▶ _Task to complete_
Print exactly the lines that run from the one containing "Khmer Wedding Design" to the final line of the data, both included, and print none of the pictures.

▶ _Input data_
------------------------------------------------------------
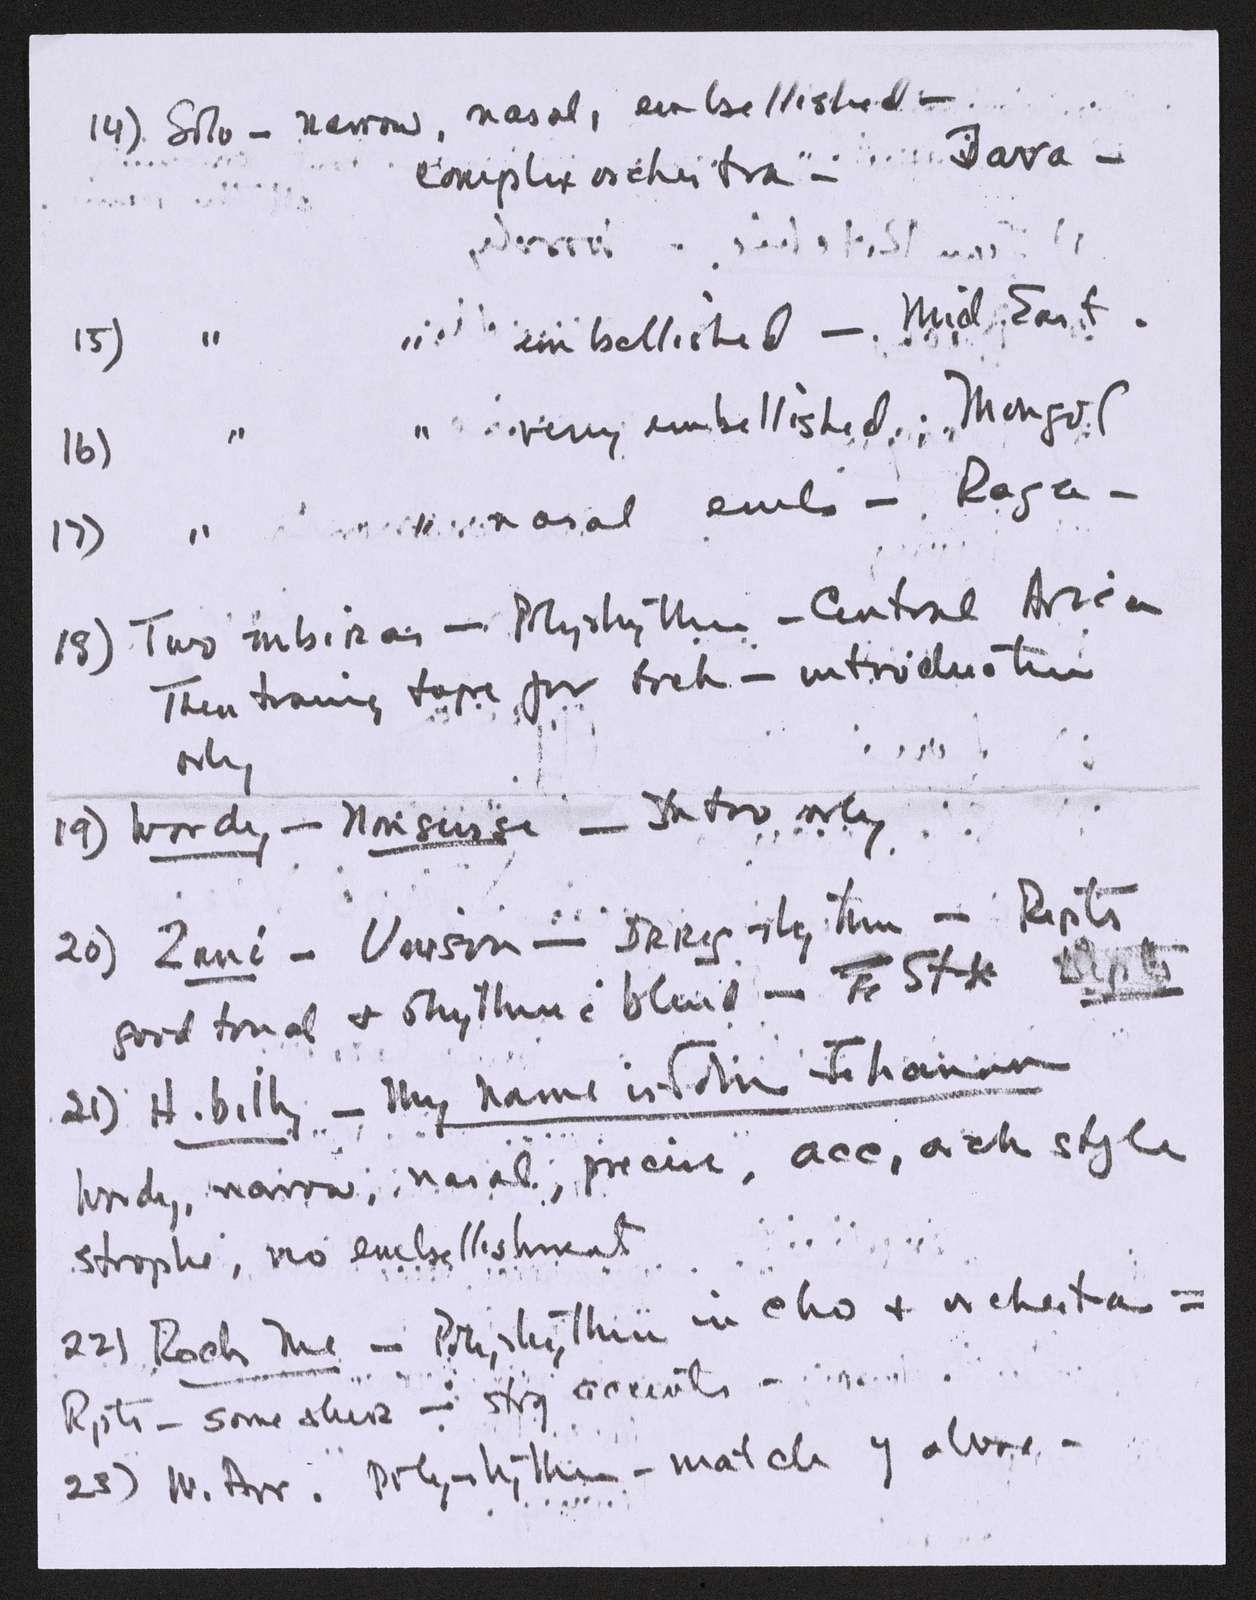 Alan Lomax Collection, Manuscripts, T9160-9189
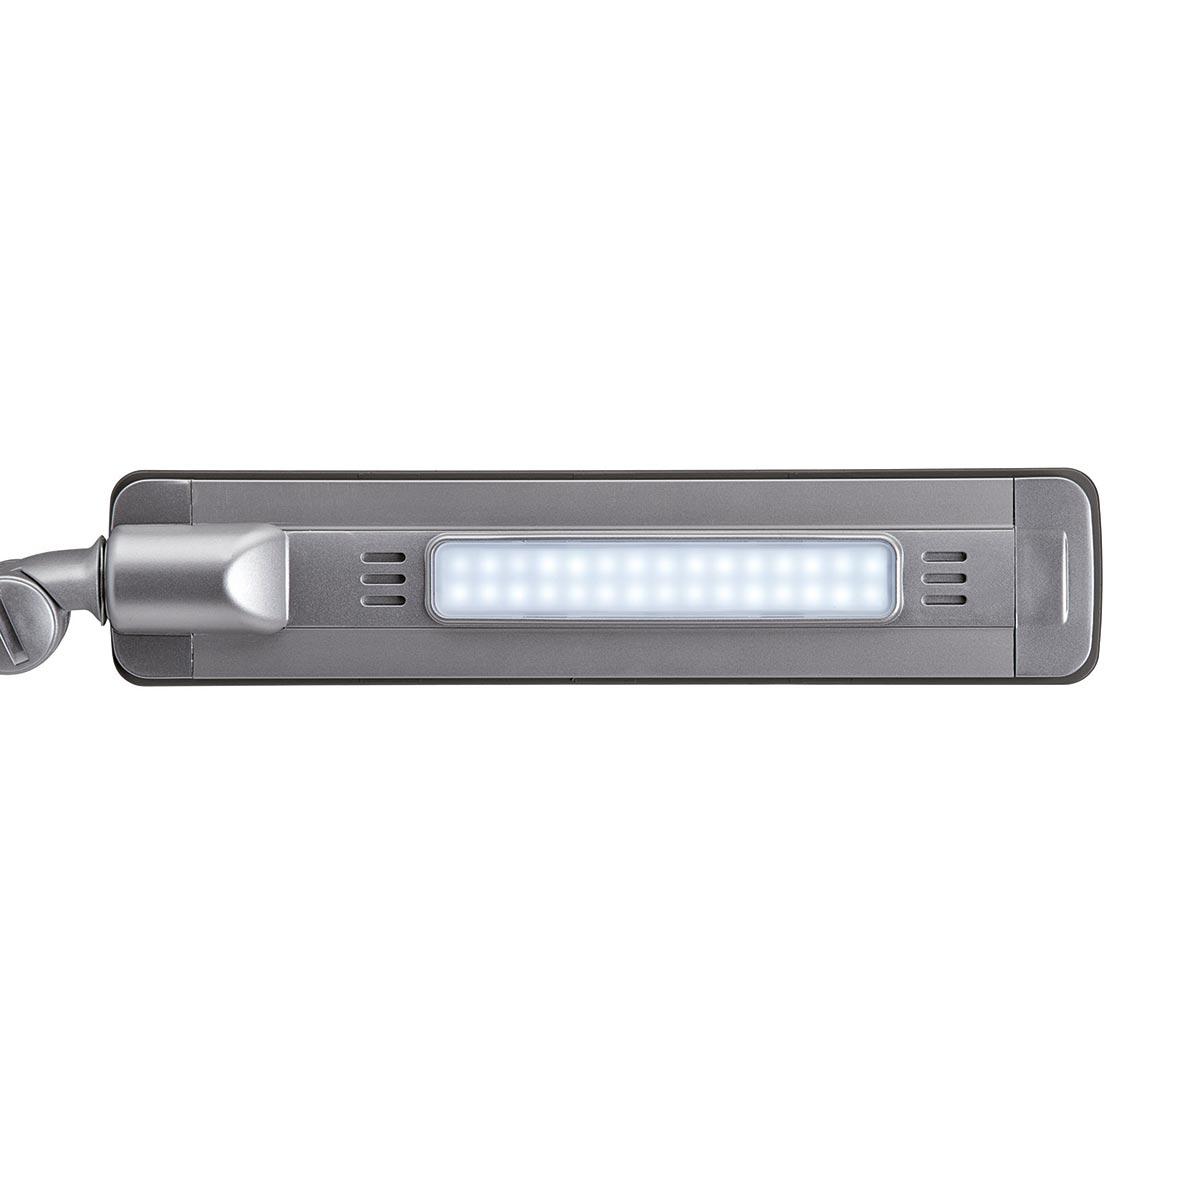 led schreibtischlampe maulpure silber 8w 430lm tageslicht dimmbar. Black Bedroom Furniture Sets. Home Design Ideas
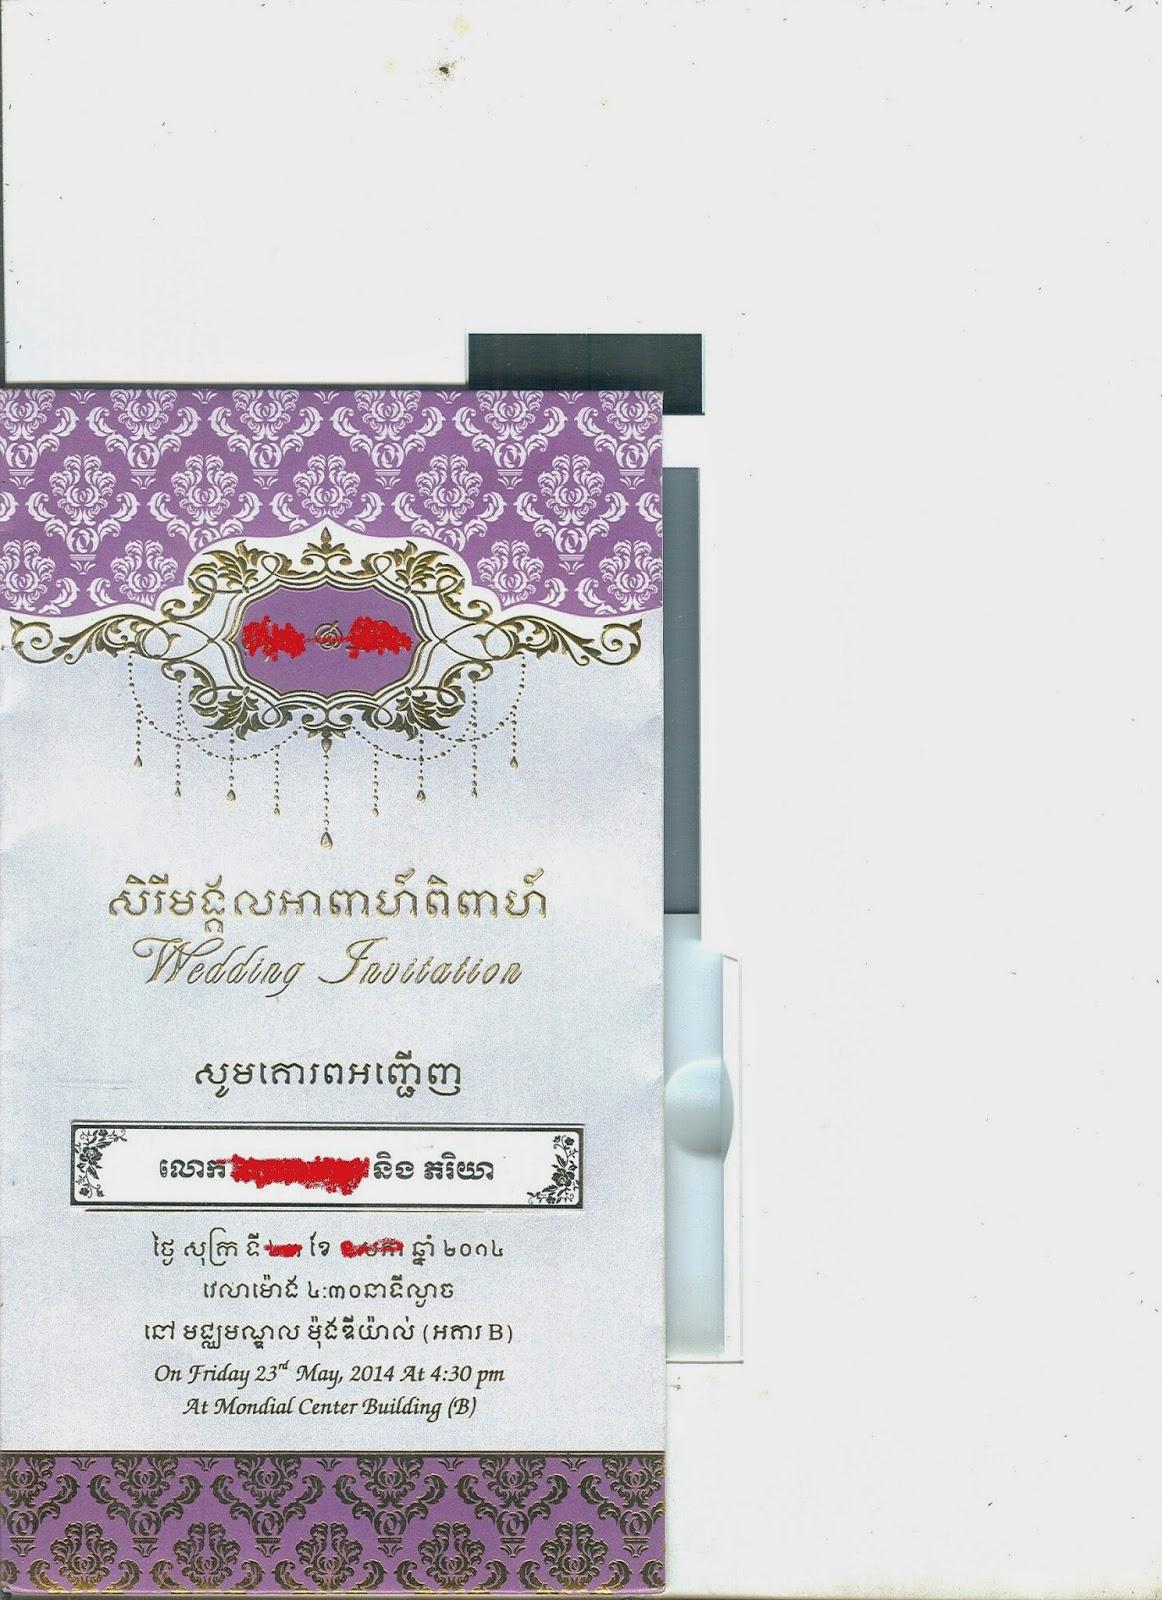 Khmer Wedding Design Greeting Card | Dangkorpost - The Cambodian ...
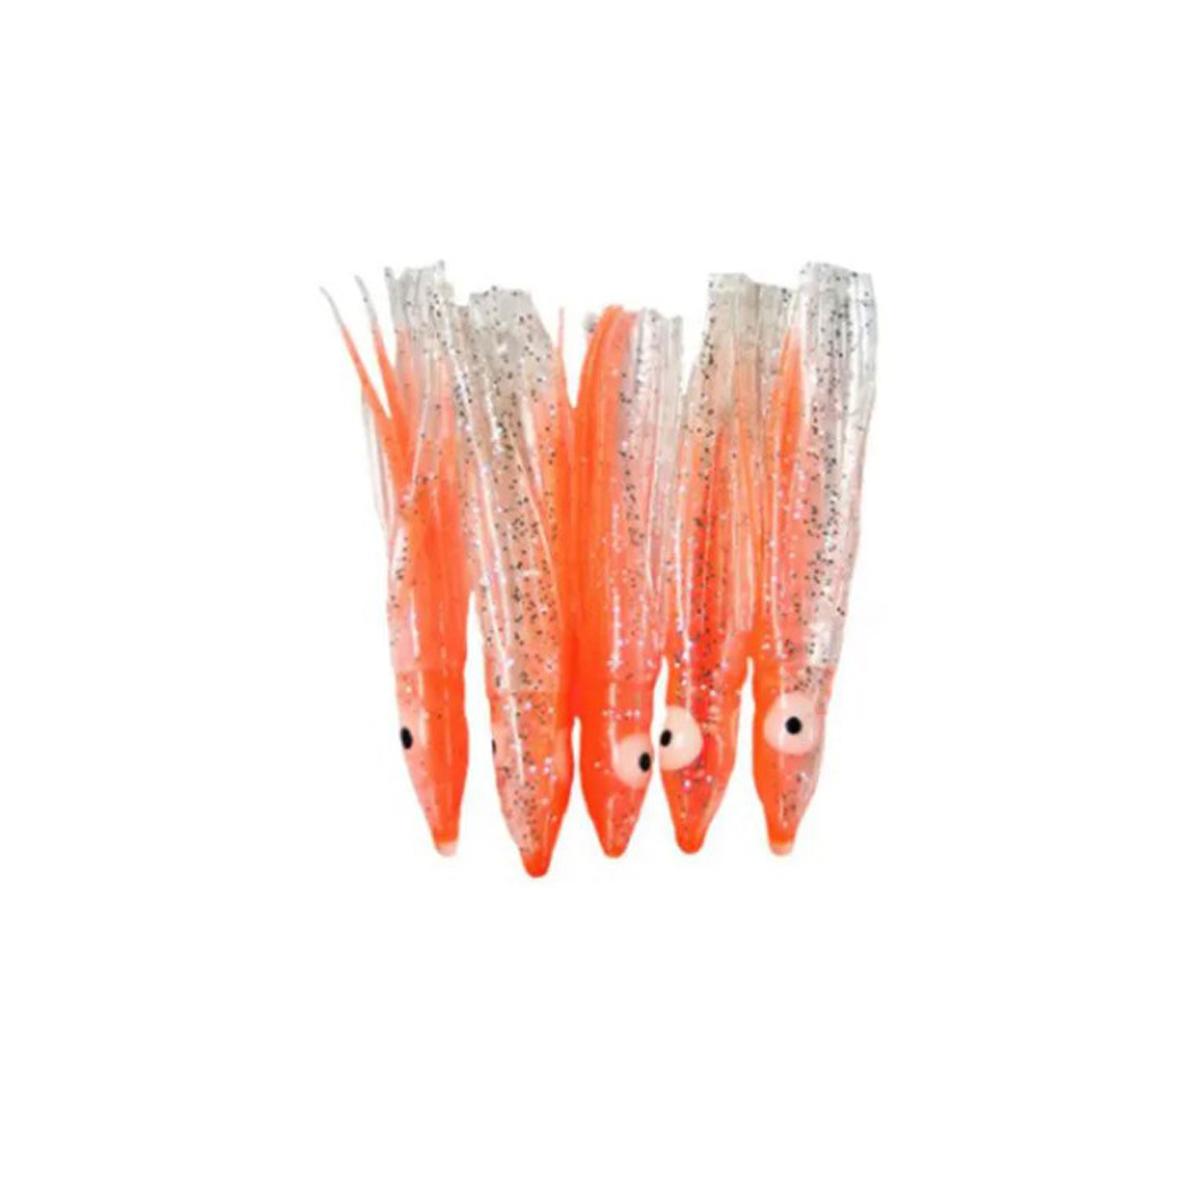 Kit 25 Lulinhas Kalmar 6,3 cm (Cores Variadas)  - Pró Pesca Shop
------------------------------------------------------------
▶ _Exercise response_
 Khmer Wedding Design Greeting Card | Dangkorpost - The Cambodian ...
 Kit 25 Lulinhas Kalmar 6,3 cm (Cores Variadas)  - Pró Pesca Shop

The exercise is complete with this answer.